INDUSTRI otomotif Indonesia telah alami perkembangan pesat saat ini, di mana itu juga menjadi salah satu pemasukan terbesar negara. Tapi, tahukah Anda mobil pertama yang masuk ke Indonesia?

Sejak pertama kali mobil diciptakan, banyak yang menyambut baik hal tersebut karena memudahkan orang-orang dalam berpindah dari satu tempat ke tempat lain.

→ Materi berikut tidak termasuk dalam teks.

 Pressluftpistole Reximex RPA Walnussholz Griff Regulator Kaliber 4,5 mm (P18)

Mobil juga memiliki beberapa kelebihan, salah satunya adalah melindungi seseorang dari panas dan hujan, serta dapat memindahkan banyak orang dalam satu kali jalan. Ini yang membuat mobil semakin populer dan diminati.

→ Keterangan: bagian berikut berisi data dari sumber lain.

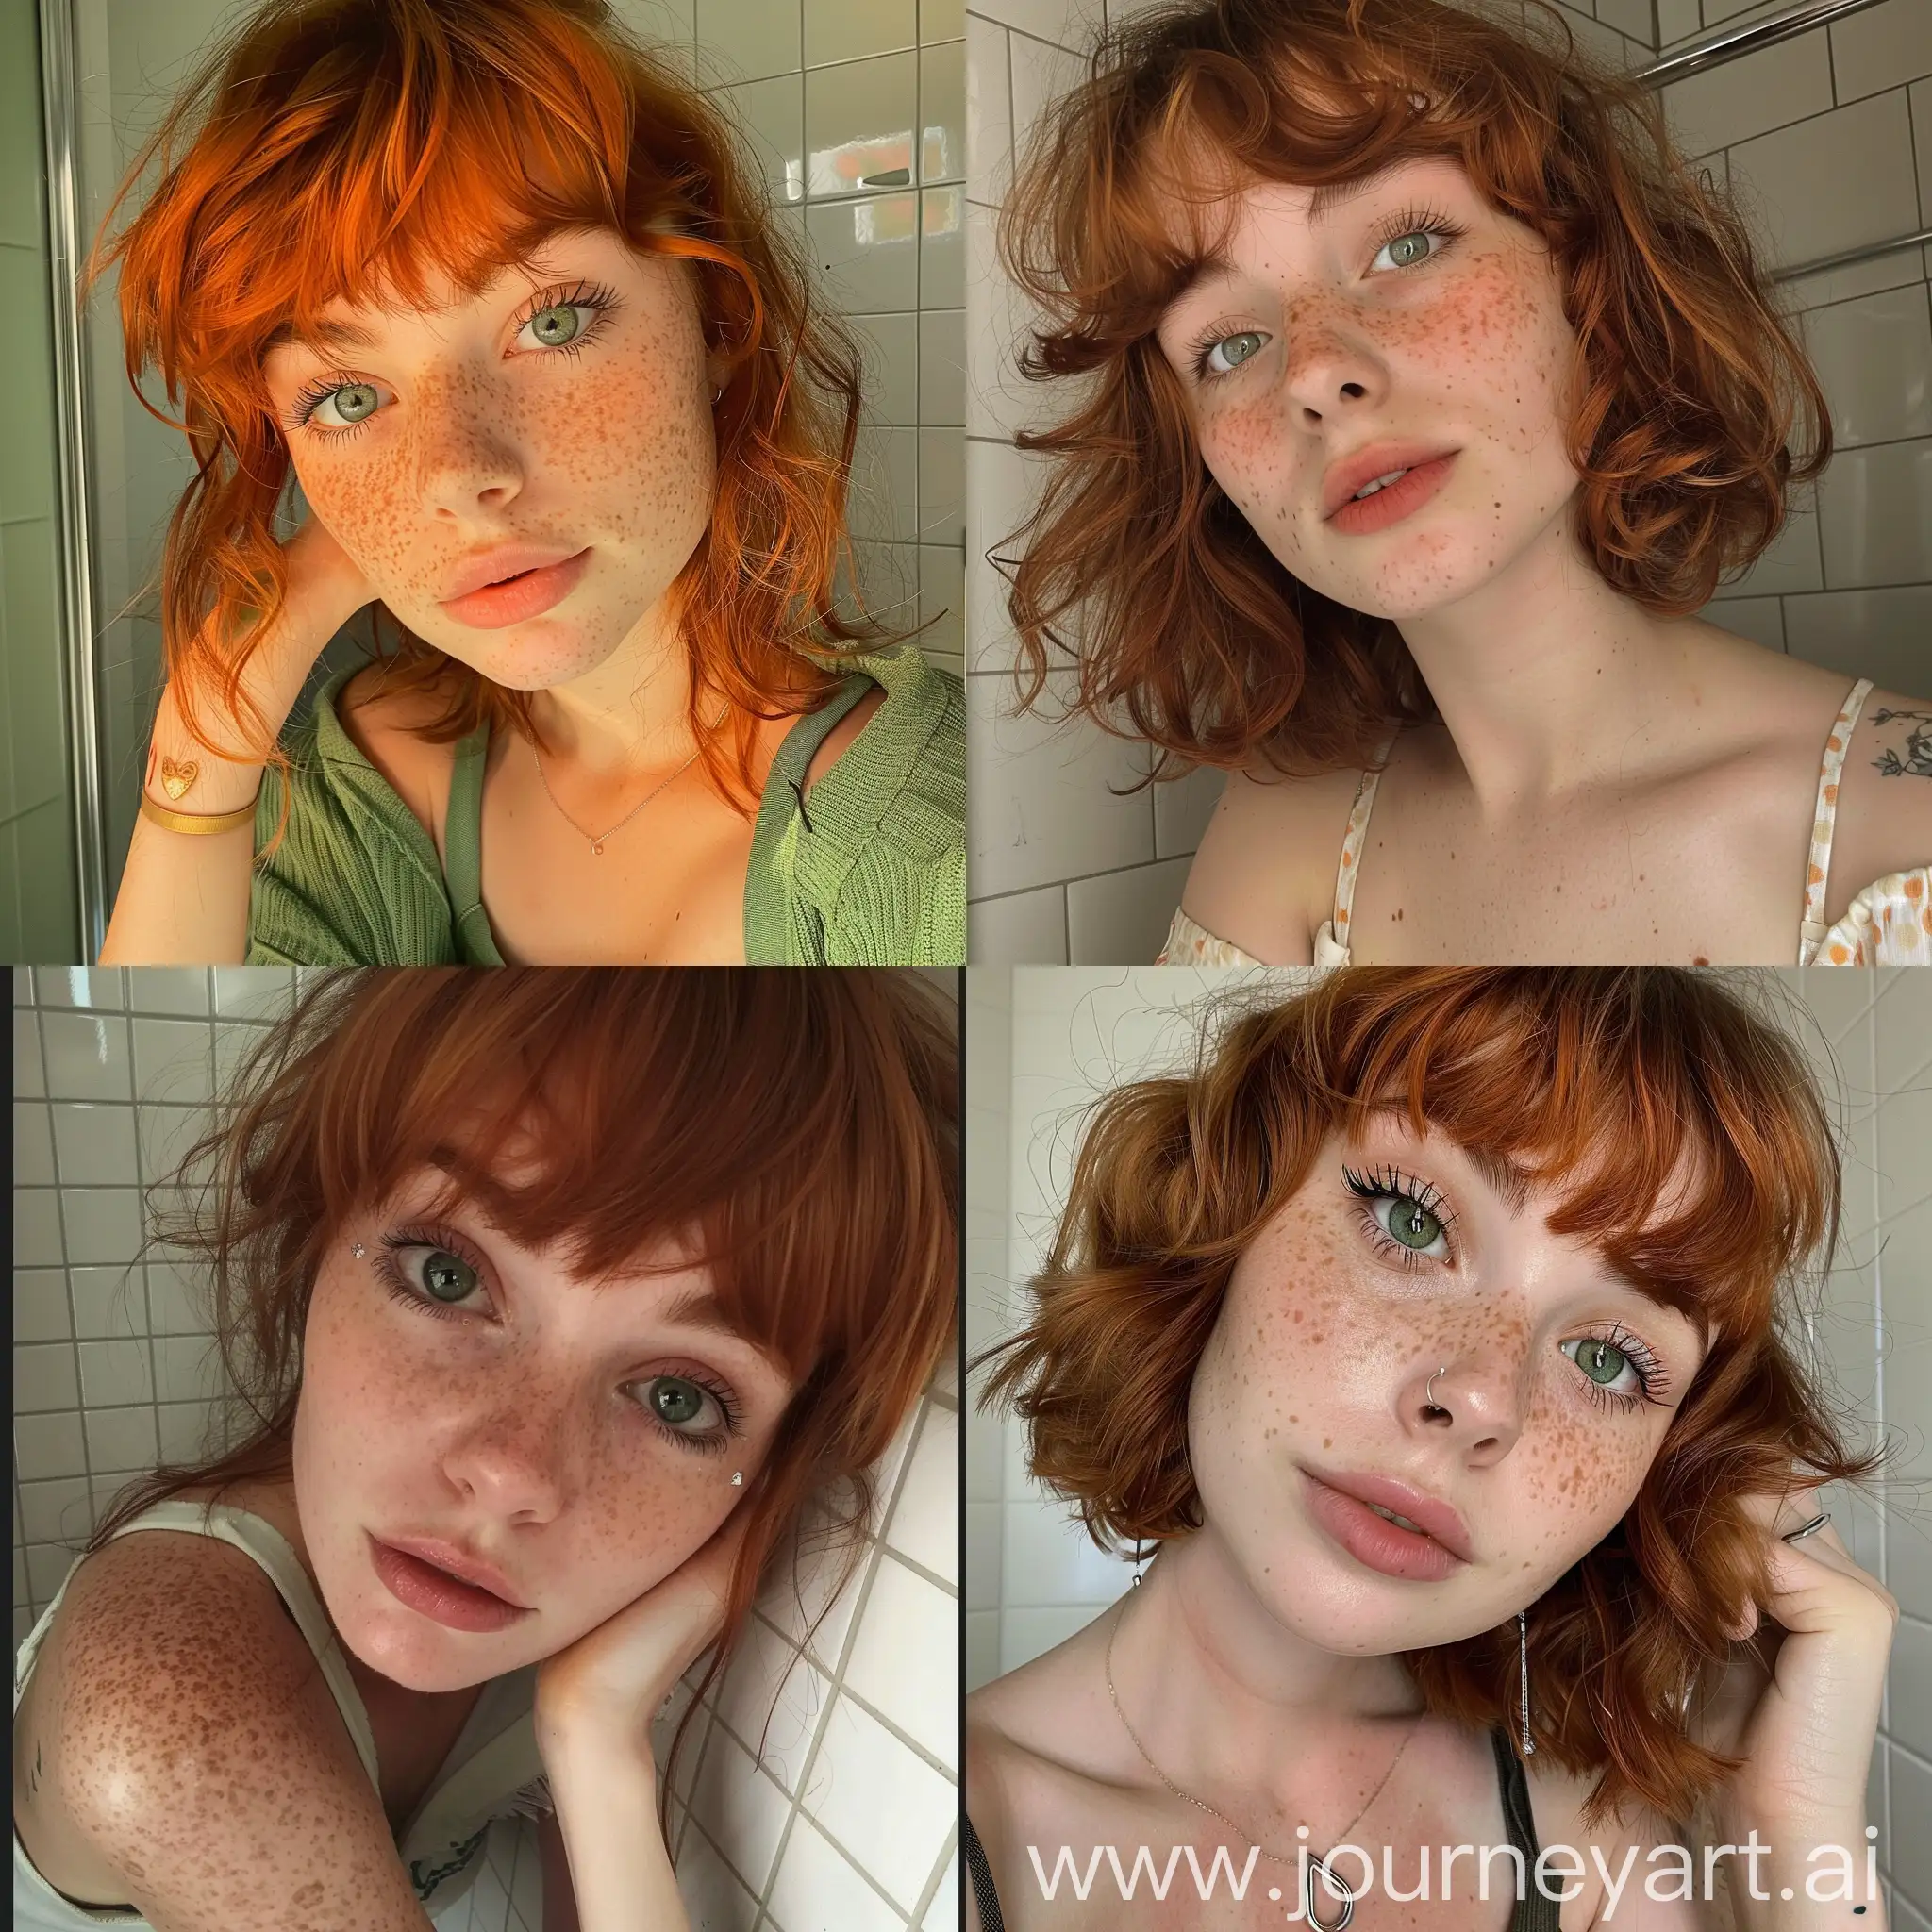 Aesthetic instagram selfie of a 15 year old girl, lavatory, adorable, cute, happy, close up selfie, freckles, red hair, green eyes, bangs, short hair, full hair

Sedangkan di Indonesia sendiri, pabrikan yang memasukkan mobil pertama di Indonesia yakni Benz Victoria Phaeton. Itu dimiliki oleh Raja Kasunanan Surakarta Hadiningrat Pakubuwono (PB) X pada 1894.

Mobil buatan Carl Benz pada 26 Januari 1986 tersebut dipesan langsung dari Eropa melalui perusahaan Protle & Co, yang berkantor di Pasar Besar, Surabaya. Itu merupakan sebuah perusahaan importir barang-barang bermerek seperti, piano, kereta, kuda, serta kendaraan bermotor.

infografis

Benz Victoria Phaeton yang diimpor langsung dari Eropa saat itu dihargai 10.000 Gulden atau setara Rp83,9 juta.

Mobil tersebut tiba di Pelabuhan Semarang, Jawa Tengah dan diterima oleh Sultan Pakubuwono X setahun kemudian setelah pemesanan.

Mobil tersebut juga datang lebih dulu ke Indonesia yang dulu bernama Hindia Belanda ketimbang Belanda. Pasalnya, mobil pertama yang masih ke Belanda baru datang pada 1896 di Den Haag.

Bentuknya yang seperti kereta kuda membuat banyak orang pada saat itu kagum sekaligus heran. Pasalnya, mobil tersebut tidak perlu ditarik oleh kuda yang membuat mereka menyebut mobil itu sebagai ‘Kereta Setan’.

Pasalnya, pada 1800-an transportasi darat saat itu menggunakan tenaga kuda untuk menariknya atau dikenal dengan sebutan kereta. Kondisi ini yang membuat masyarakat heran karena saat itu juga belum populer kendaraan bermotor di Indonesia.

Mengenai mesin yang digunakan, Benz Victoria Phaeton atau Kereta Setan memiliki satu silinder dengan kapasitas mesin 2,0 liter yang menghasilkan tenaga 5 hp. Namun, masih menggunakan roda kalu dan ban karet yang keras, tapi dapat menampung delapan orang.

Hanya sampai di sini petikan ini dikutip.